# What the task asks
Give the data back exactly. Leave out any images.

━━━━━ Input data

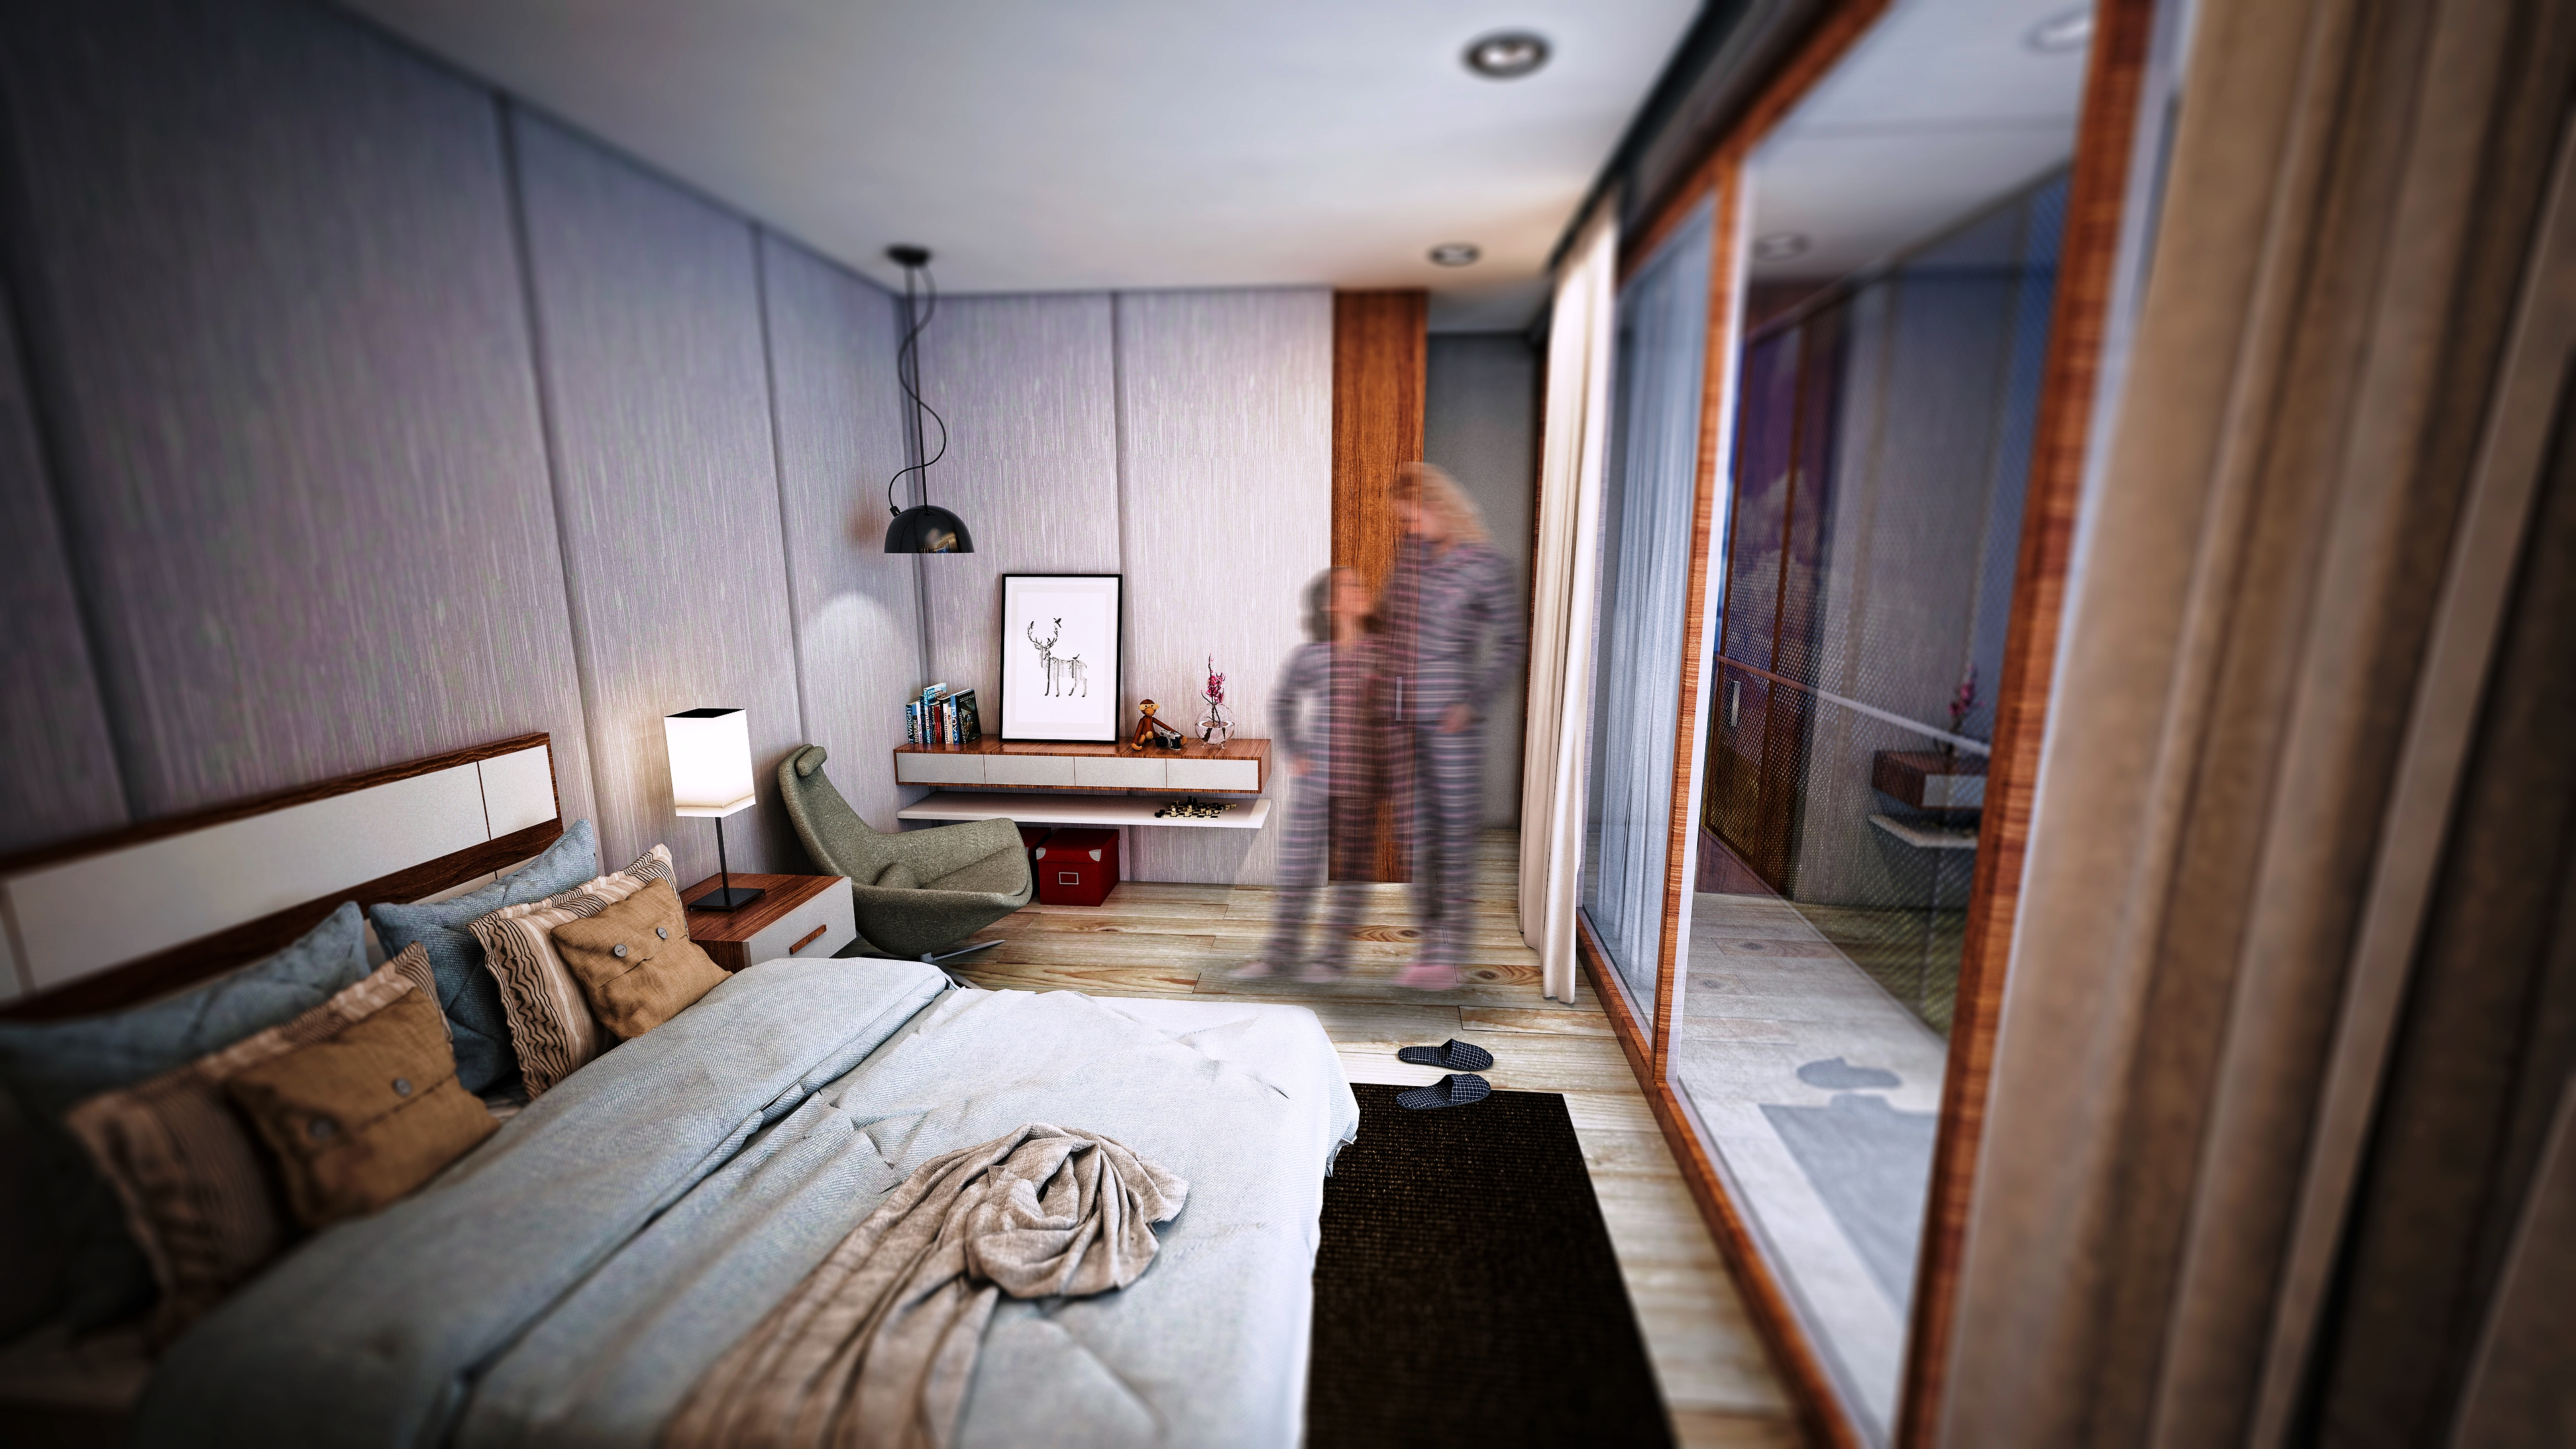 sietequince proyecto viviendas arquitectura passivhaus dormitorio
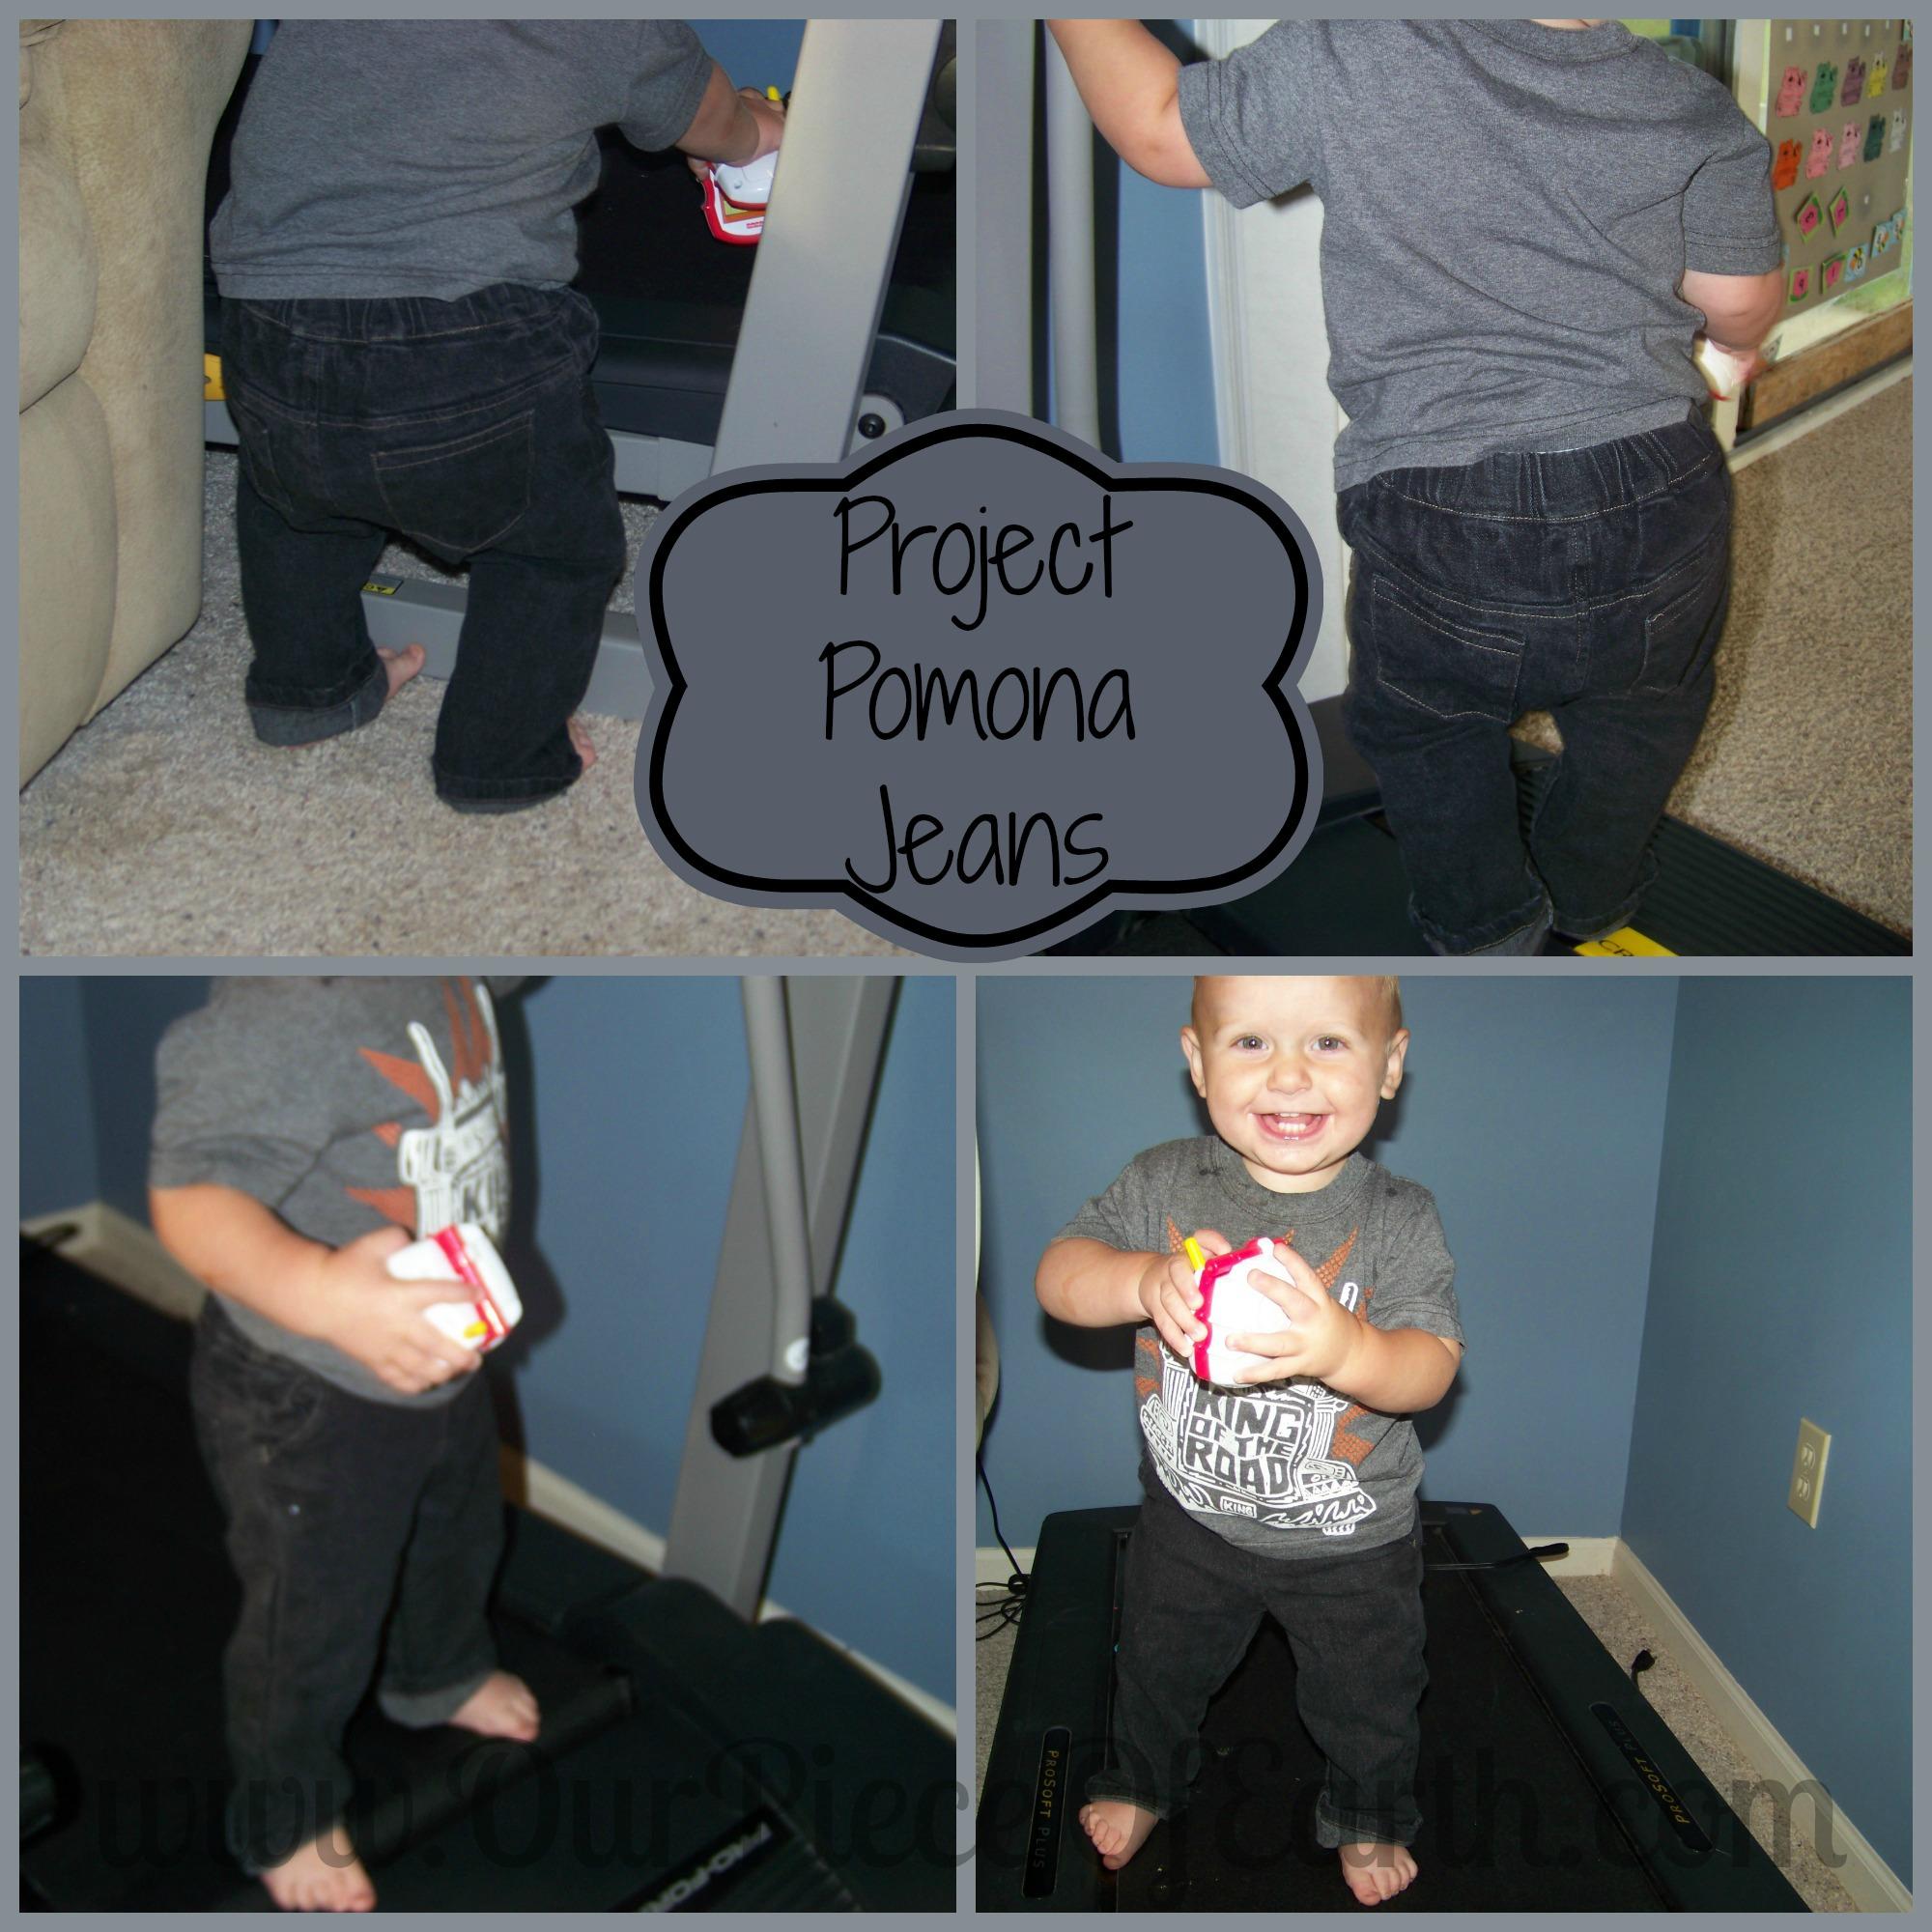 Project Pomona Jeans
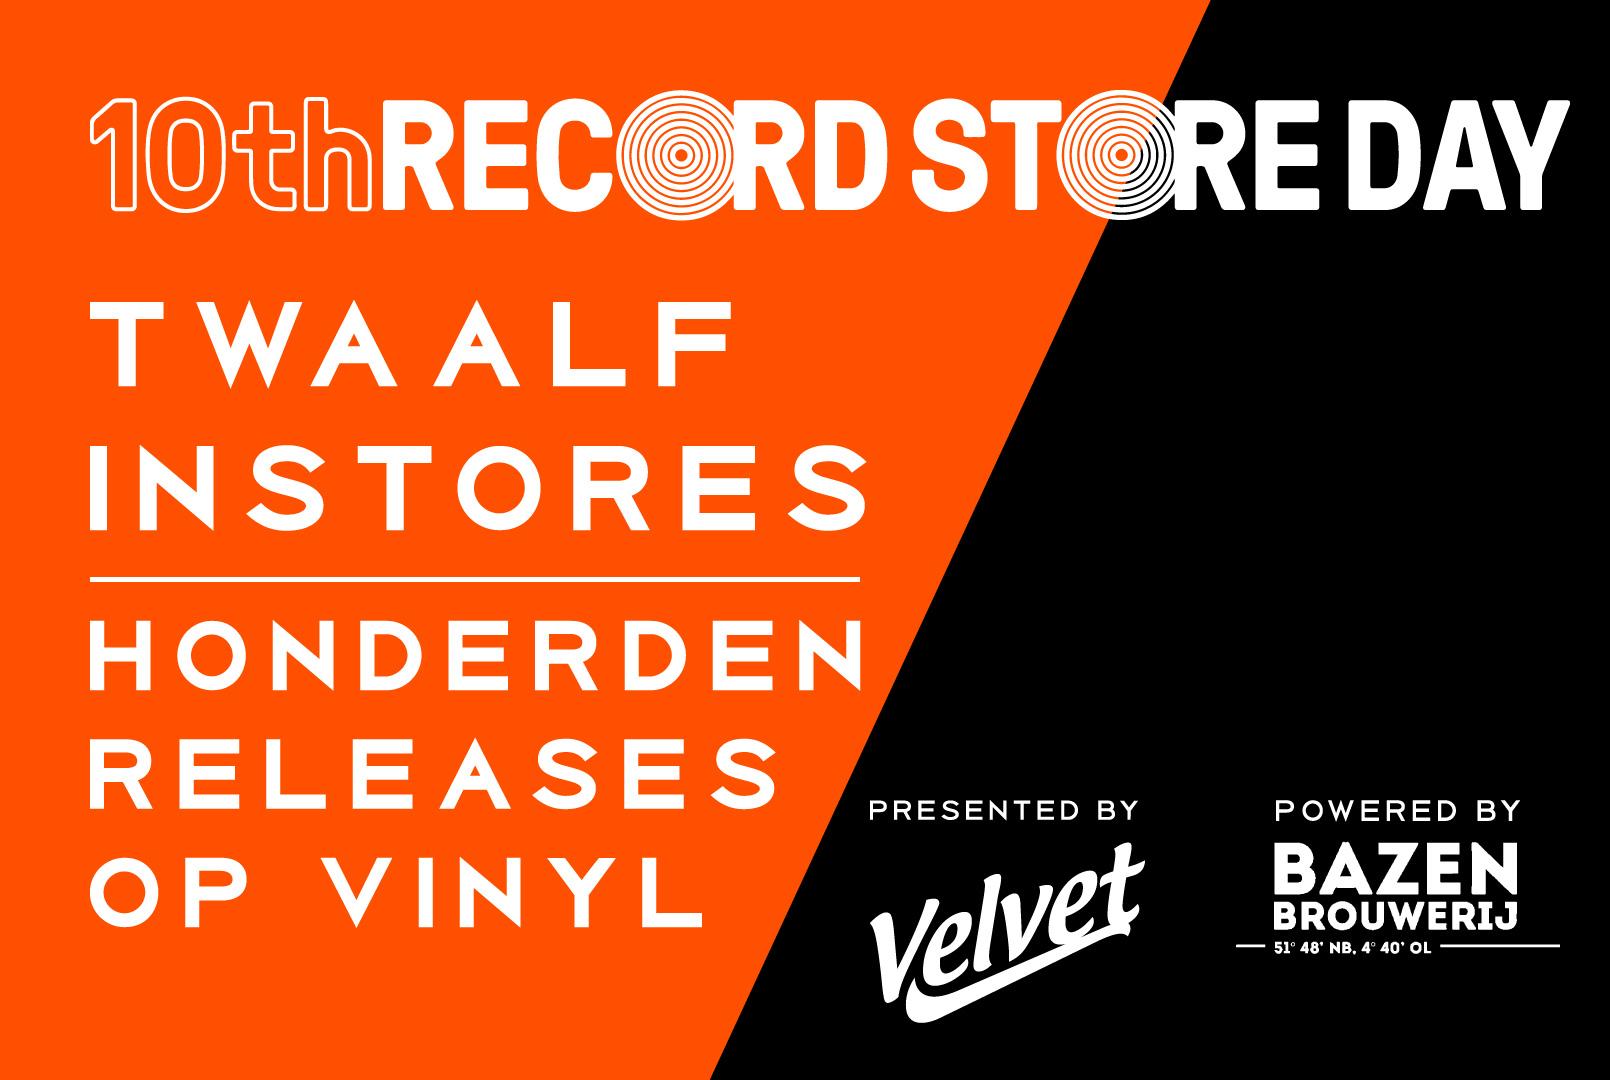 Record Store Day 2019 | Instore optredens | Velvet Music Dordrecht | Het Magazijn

━━━━━━━━━━

# Solution
 sietequince proyecto viviendas arquitectura passivhaus dormitorio
 Project Pomona Jeans
 Record Store Day 2019 | Instore optredens | Velvet Music Dordrecht | Het Magazijn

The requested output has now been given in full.